Judy Corbalis’s second novel is set in small-town New Zealand between the dying days of the Great War and the economic slump of the Thirties. The Statute of Mortmain provides a metaphor for the white settlers’ appropriation of Maori lands. For the novel’s hero, it also symbolises the stranglehold of heredity:

The dead hand stretching from beyond the grave. The institution that never dies, but goes on living in perpetuity ... Only in your case the dead hand’s your family, your name.

That hero is called Edward-Wilson Castle, the cumbersome first name abbreviated on adulthood to Ted. He is the son of a chess-playing solicitor, the fourth generation destined for the family firm. Like his father before him, he will manage the trust that protects the settlement of land once belonging to the local Maori chief if his father has indeed honoured that trust. Older and wiser by the novel’s close, Ted witnesses the merging of chess-playing and legal metaphors:

Castle. Rook. ‘A thieving bird who destroys the nest of other, smaller birds.’ How father had lived up — down — to his name.

In richly evocative prose, Corbalis conjures a picture of the tiny confines of lost colonial society, its introspective snobberies, dusty inelegancies, rivalries, jealousies and acrid prejudices.
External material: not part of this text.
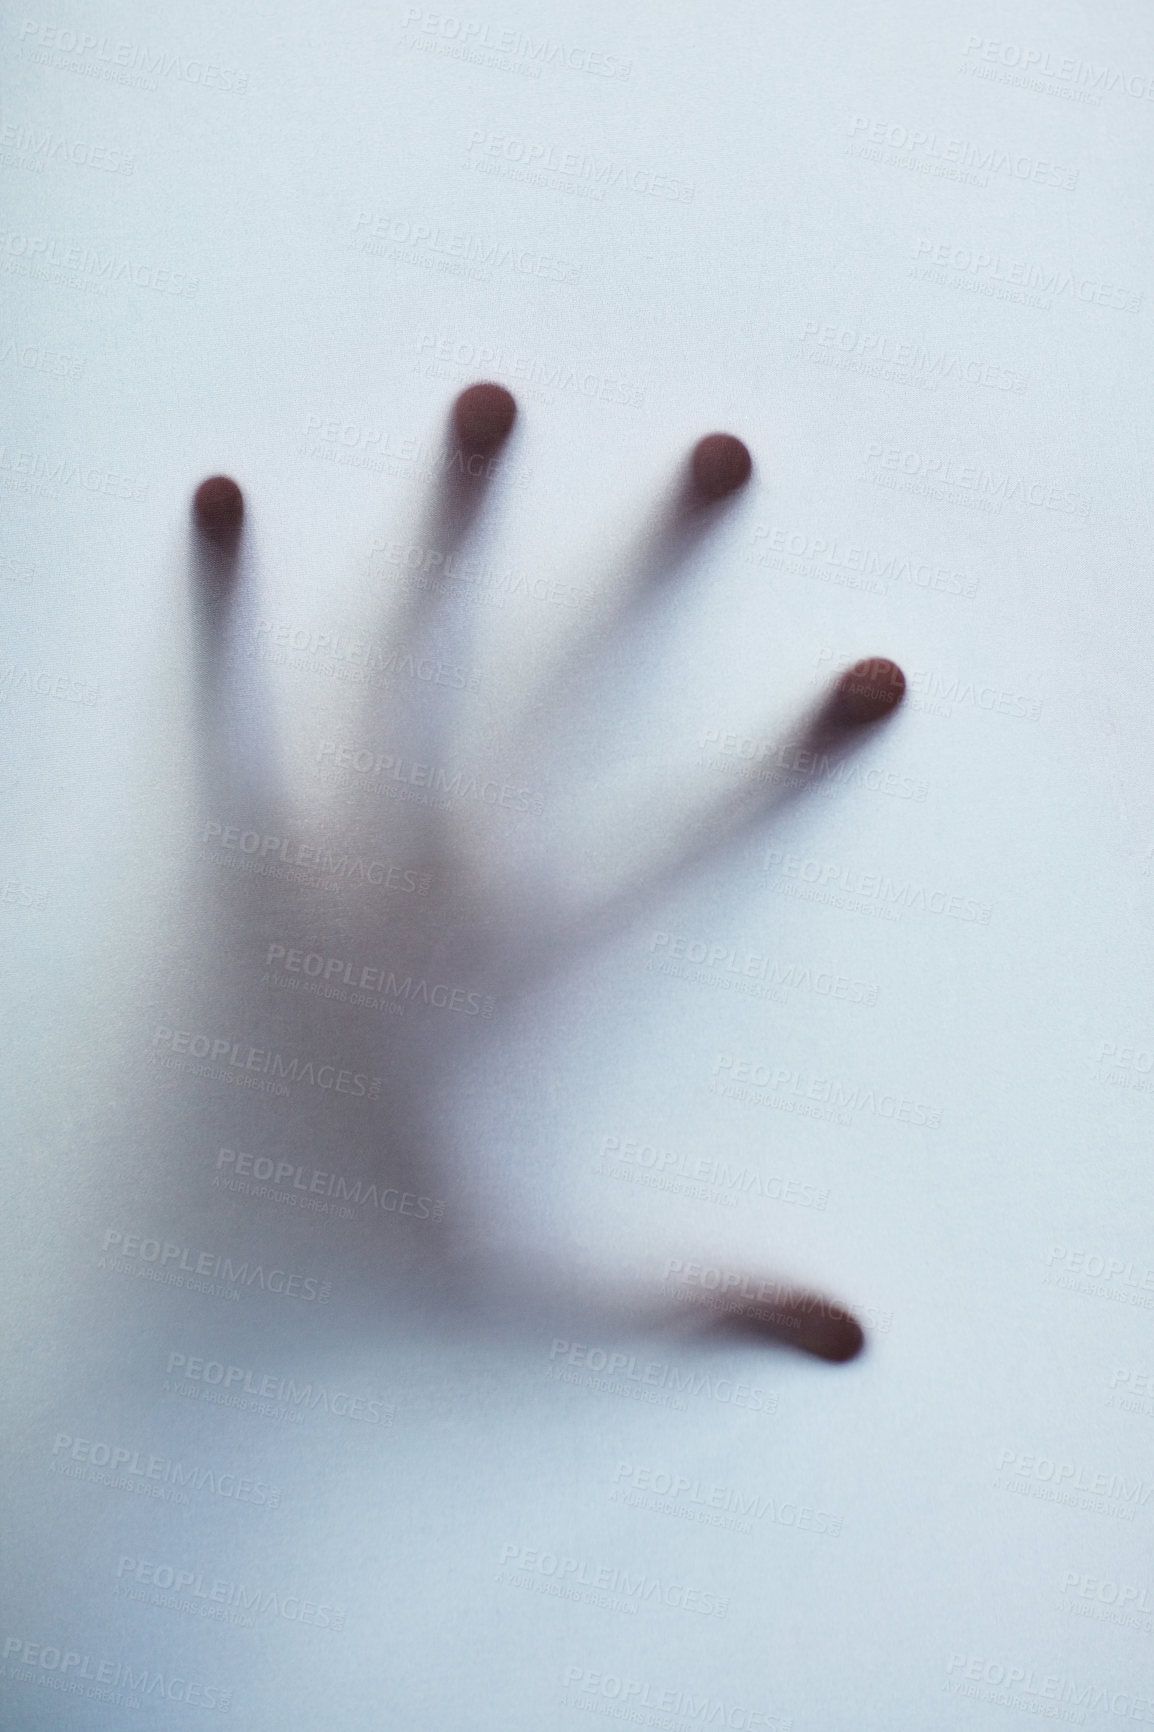 Buy stock photo Defocussed shot of a single hand reaching out against a plain background
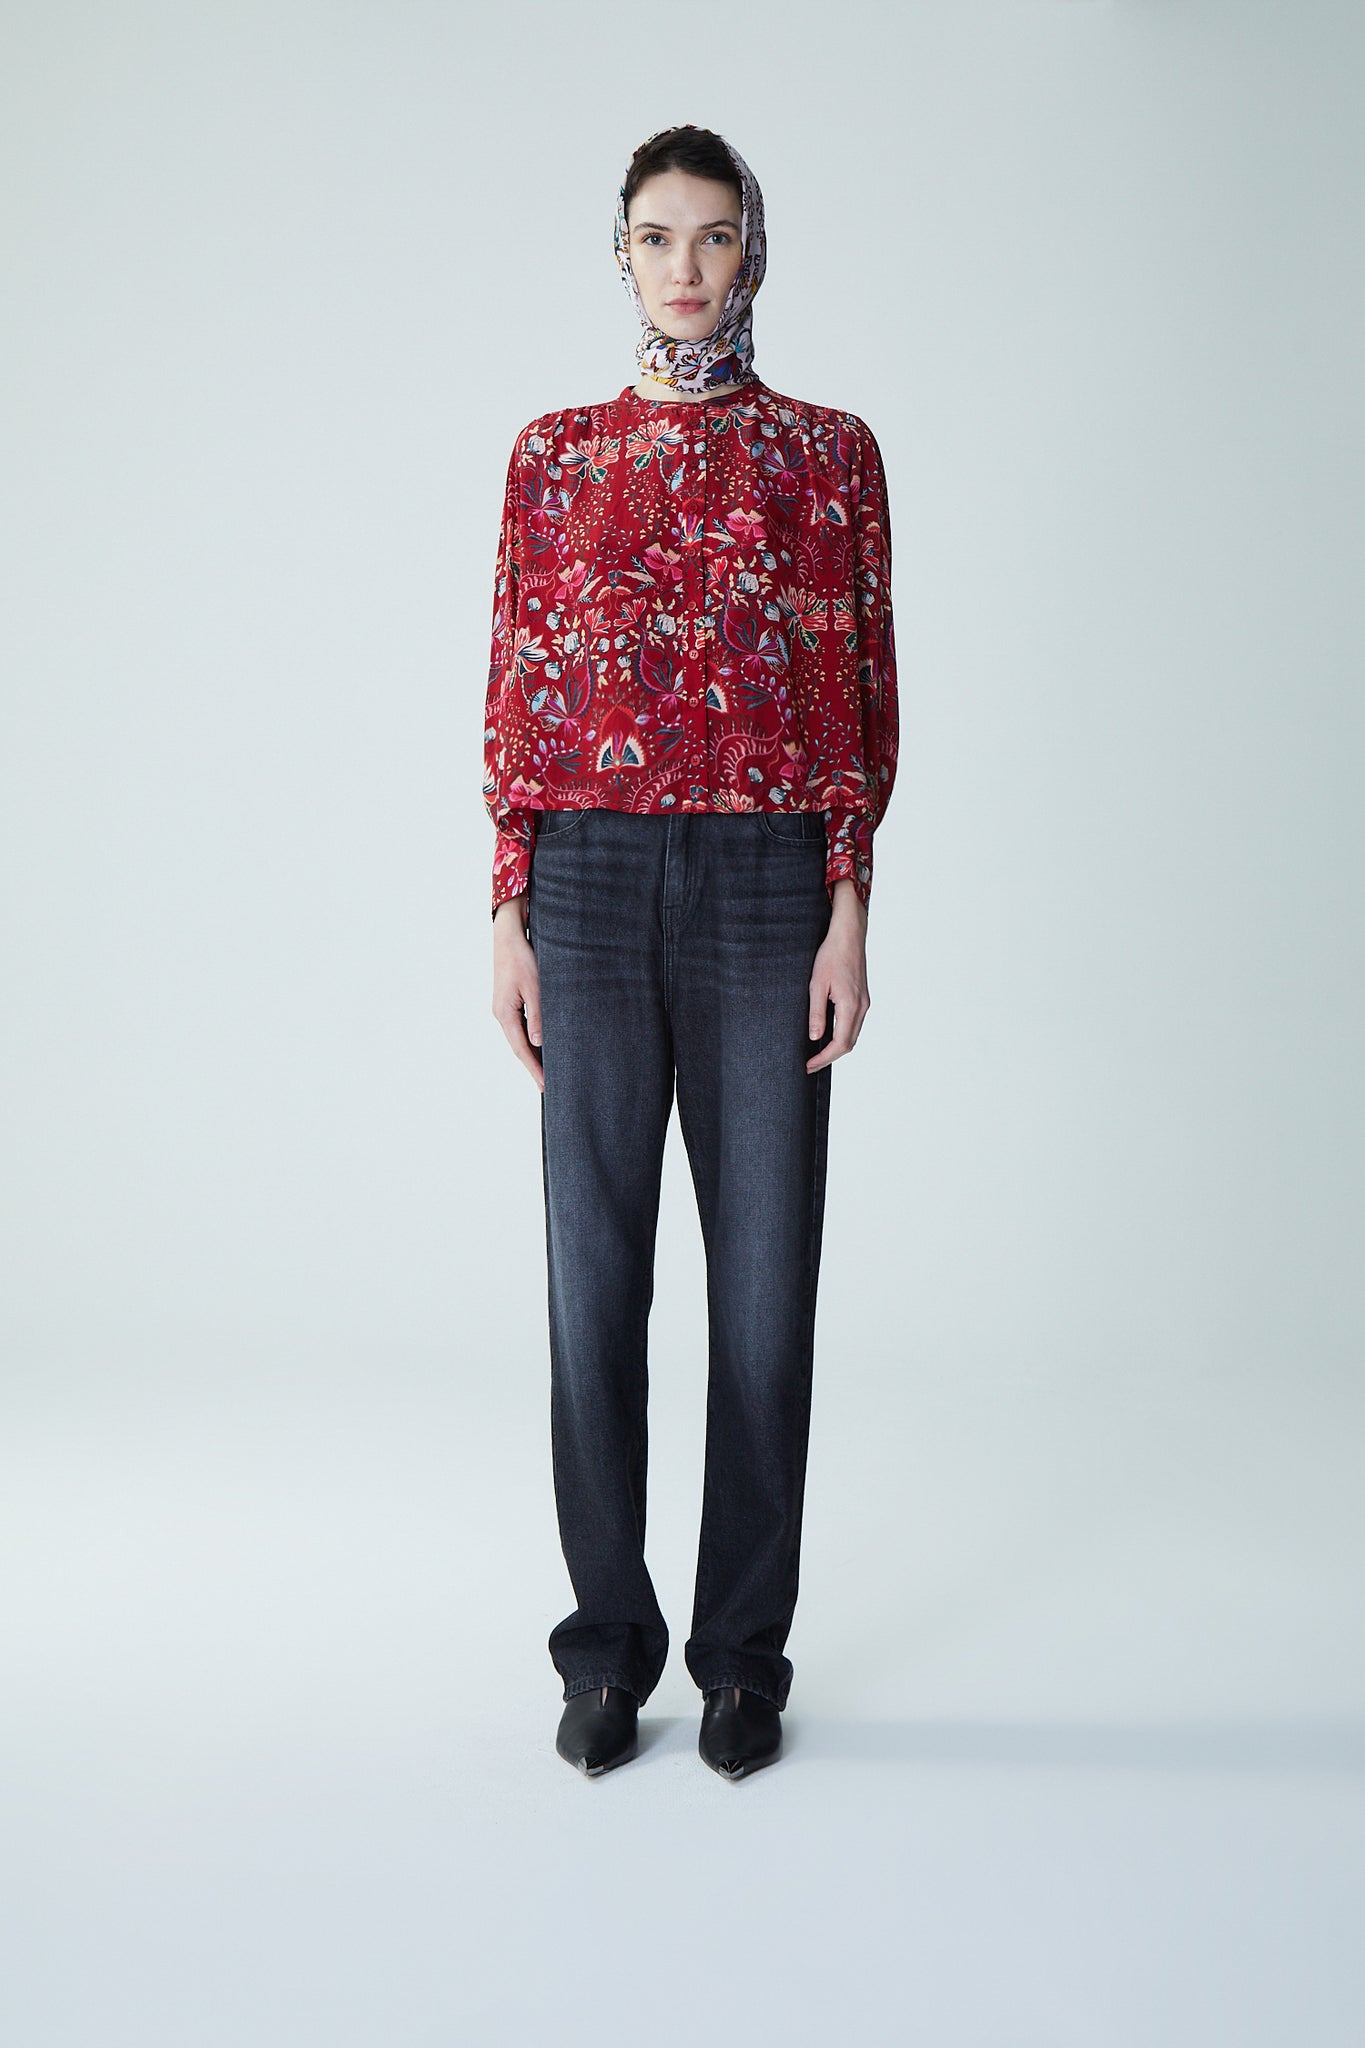 Palermo Celia Blouse in Red Berrie

Her characters succumb to impulses great and small; they wrestle with problems by turns immediate and infinite, disconcertingly petty and too unwieldy for tidy resolution within the parameters of this slim novel. Their concerns embrace ‘big’ issues of race and colour; social anxieties (status and hierarchy); and the downright eccentric: all but destitute, the Hellenophile younger son of an English earl struggles to turn base metal into gold and, banished from the home he loves, to become ‘the first person in the world to harness cosmic rays’.

Sympathy for Ted, and the social comedy provided by his appalling mother Rosalba and her slatternly parlourmaid Flossie, supply Mortmain’s dynamic, holding the reader’s attention; but the plot itself, though carefully articulated, is less important than the manner of telling. Corbalis’s skill is as a prose stylist and a writer who, gentle in her touch, invests with wider significance the apparently small scale. Even at its most selfconsciously lyrical, her prose is both insightful and illuminating. Her surprising romantic heroine is

like a wave perpetually flowing the wrong way, a silent, stubborn undercurrent pulling in her own direction. One of those smaller rip-tides that drags itself along, regardless of the wash and swell of the larger breakers ... Ethel Wrench, forever managing to keep afloat in deep water.